The way you have framed your feelings is not particularly kind. The choice of AIBU, the thread title about "not wanting to see this", and then the indication "Facebook related" are hardly sensitive. I understand that our society is full of wilful ignorance and taboos which make pictures like this unfamiliar territory, but most bereaved parents are happy to help people work out how to understand their friends' relationships with their missing children. If you really wanted to explore your feelings with any delicacy there are many more sympathetic ways you could have gone about it. I really hope she doesn't see this thread.

Jubelteen Fri 05-Jul-13 19:04:27

Of course I understand that a father is different to a child, and I've got lots of other pics to choose from. I also think it depends on who your FB friends are, if it includes randoms you haven't seen for years I wouldn't want them seeing such precious pics. I understand that your friend would like everyone to take a minute to remember her baby tomorrow, just not how I would do it but each to their own.

needaholidaynow Fri 05-Jul-13 19:07:55

YABU. I don't feel distressed when I see pictures like this, I just feel so so sad for the baby and family and how utterly cruel life can be at times.

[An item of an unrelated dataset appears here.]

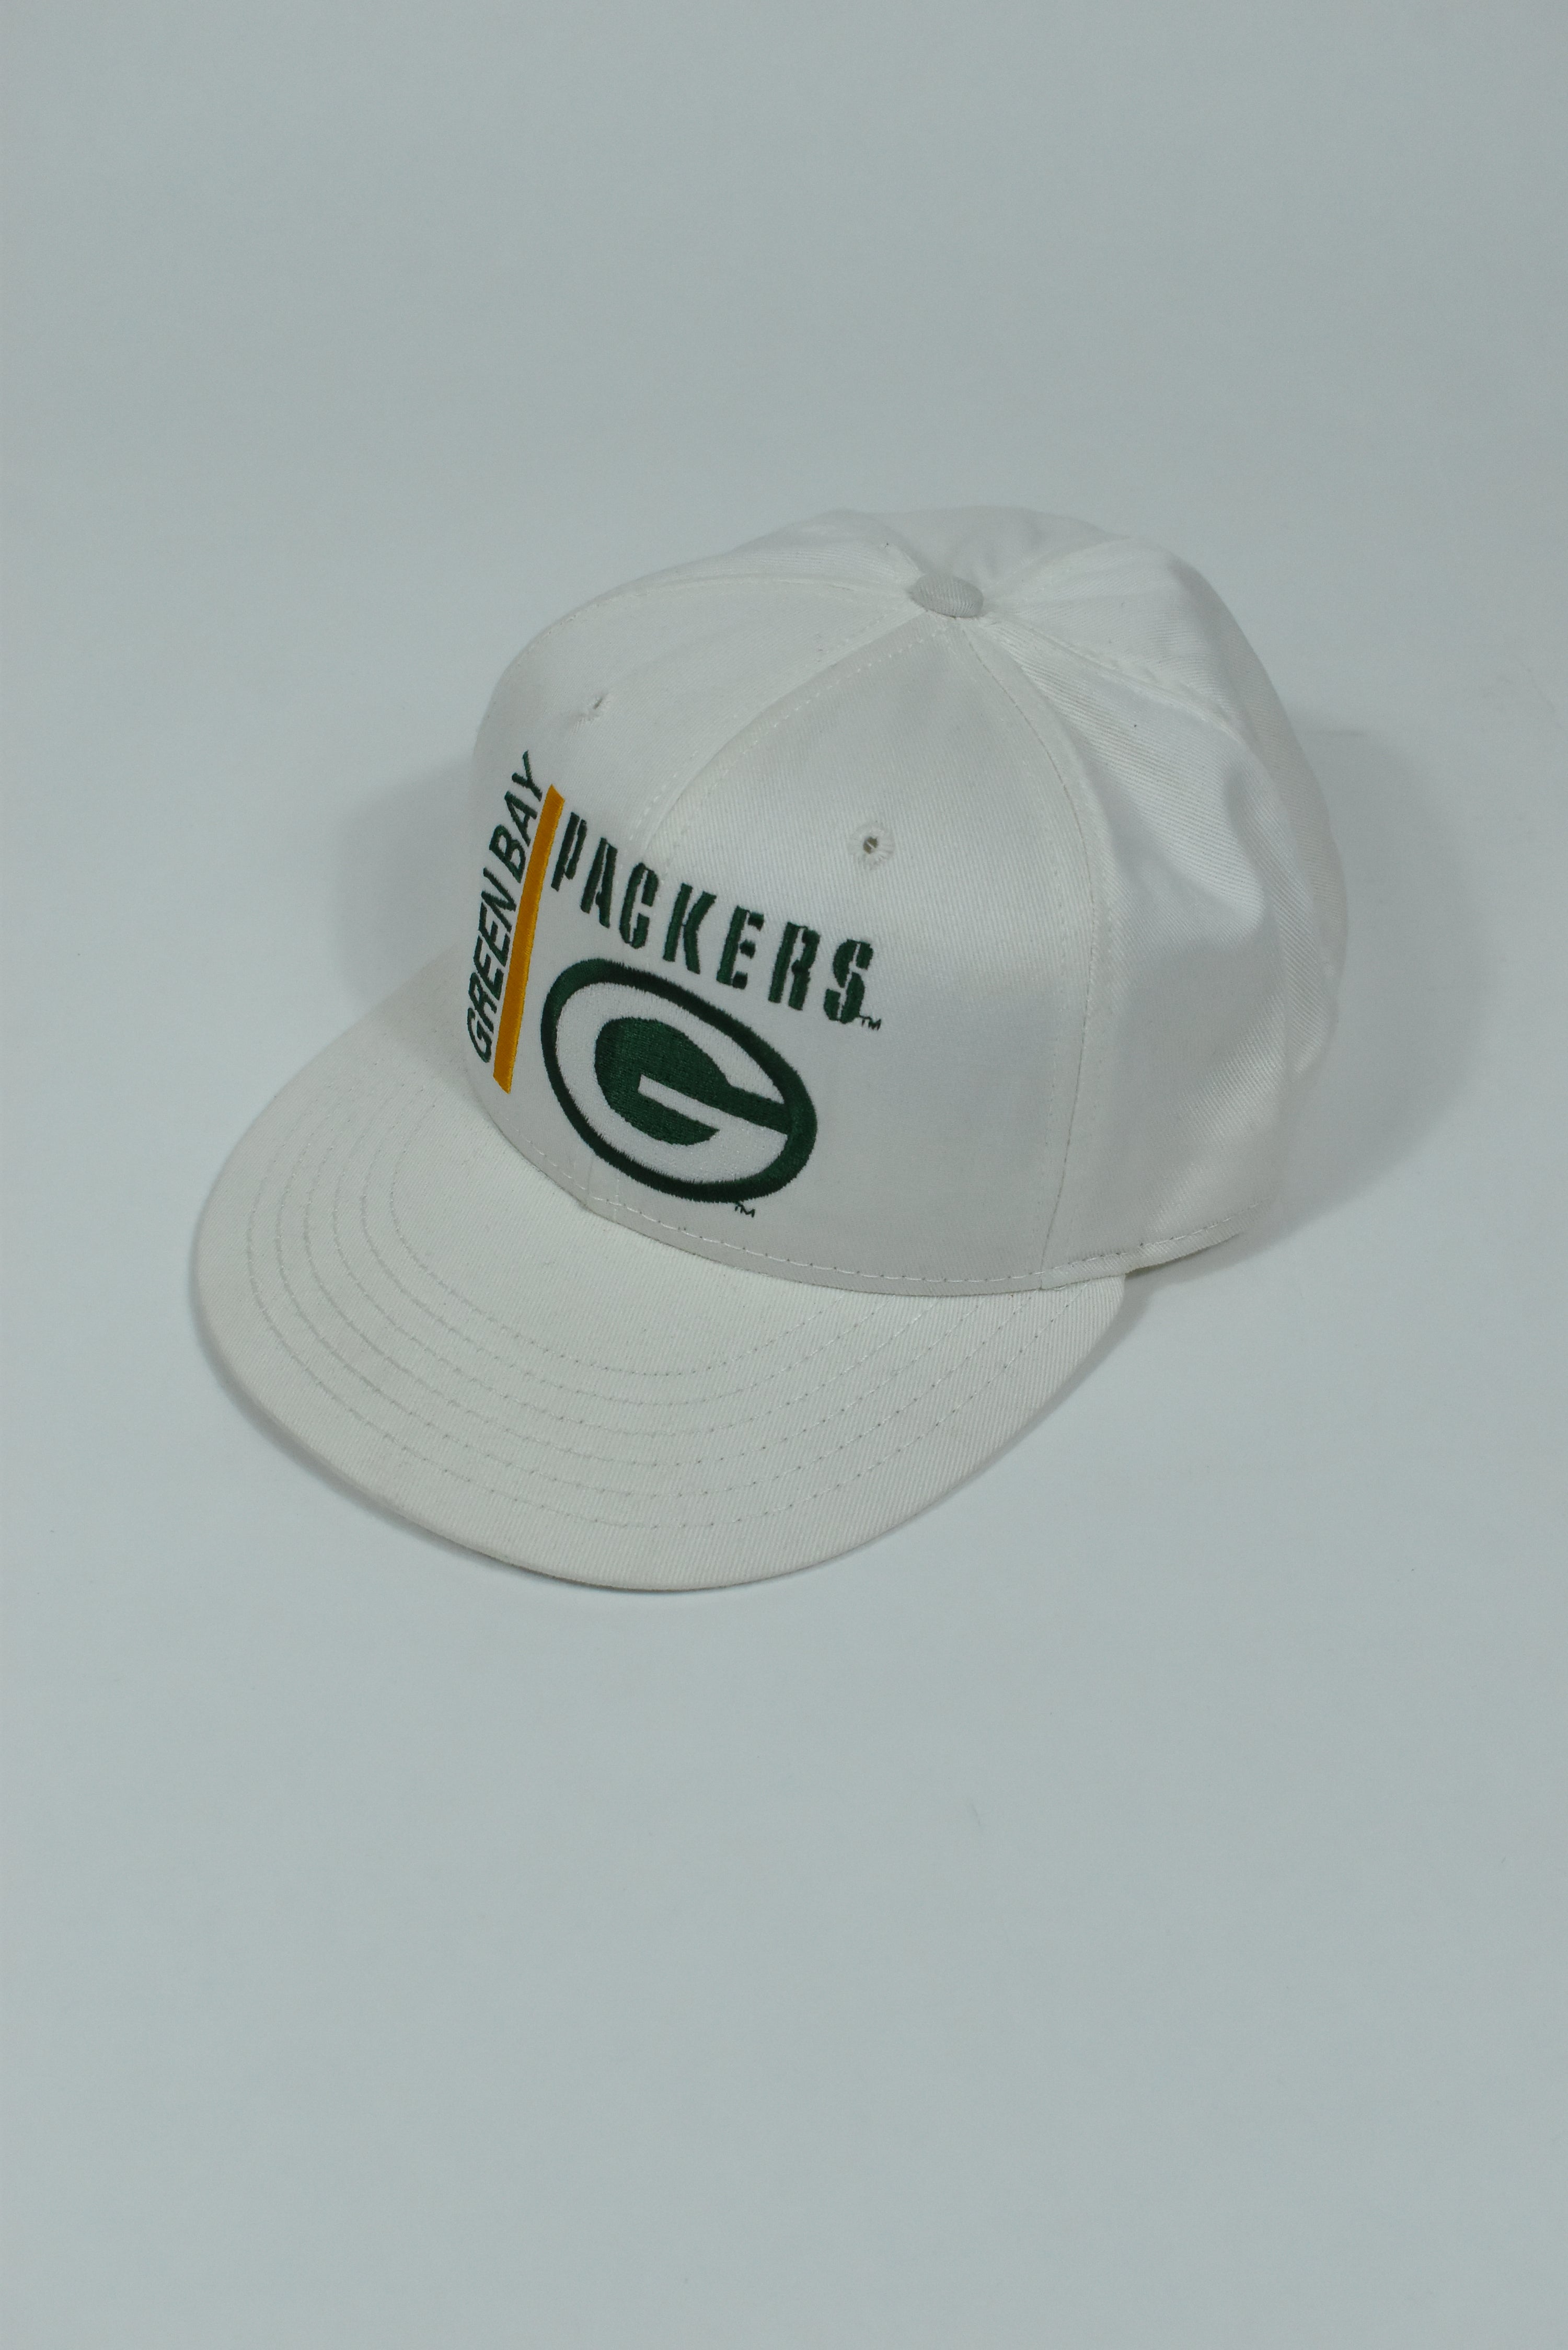 Vintage Green Bay Packers Embroidery Hat OS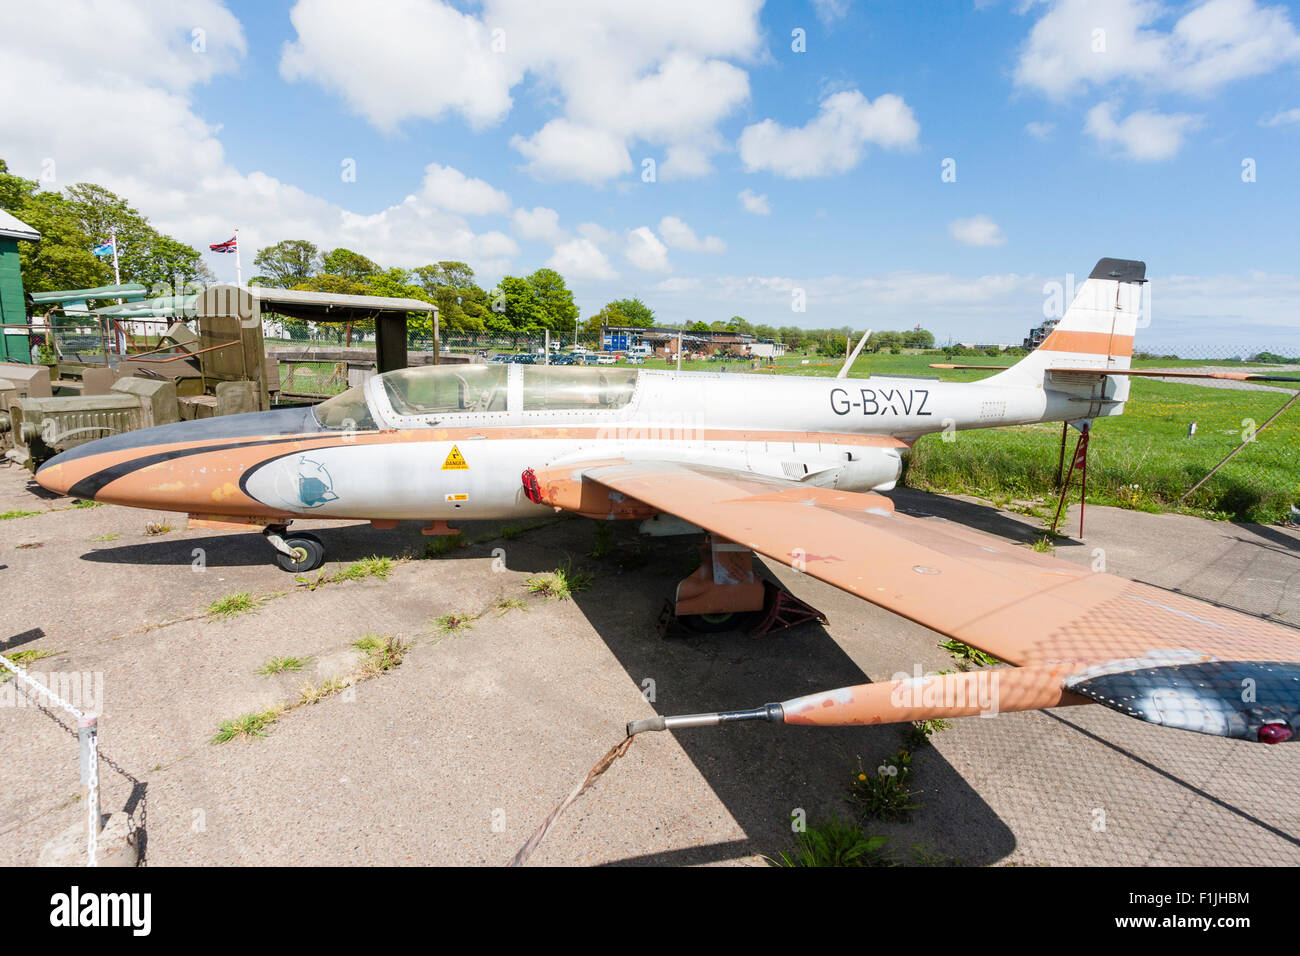 Manston airport museum. PZL Mielec TS-11 Iskra, a Polish jet trainer, on concrete airport apron in bright sunshine. Stock Photo

The worst thing is knowing that people have forgotten about your child when you haven't. You always think about them and in particular on significant dates such as the anniversary of the birth. Thinking what could have been and how they should be blowing their candles out and unwrapping their presents excitedly, and posting pictures of this rather than one of the few you have that make you well up. sad

People grieve differently.

LynetteScavo Fri 05-Jul-13 19:12:35

You found it distressing???

How fucking distressing do you think your friend finds it?

LynetteScavo Fri 05-Jul-13 19:13:09

Such a photo would make me feel damn bloody grateful.

MickeyMouseHasGrownUpACow Fri 05-Jul-13 19:15:32


YANBU to feel however you feel. We can't help our feelings. But surely you can get past your feelings of discomfort and see that your friend has to live with the loss of her child? I can't imagine having to go through and live with anything worse, tbh. The only compassionate response to such a photograph being shared is kind acknowledgement, eg 'Thinking of you x' or 'Beautiful x'. Just some little comment to show that you've seen the picture, you understand the motivation for posting it and you remember.

mrspaddy Fri 05-Jul-13 19:19:04

I don't think YABU. Facebook is very, very public. However, it is her choice to make. God help the woman .. she must be suffering so much. I can't imagine wanting to put the photo up on such a site but if it is a comfort to her, it is respectful to try and understand her need to do it.

ivykaty44 Fri 05-Jul-13 19:22:00

Op you need to put your own feelings aside as a child that has passed away is distressing and far more than just distressing, so your distress is nothing like her distress.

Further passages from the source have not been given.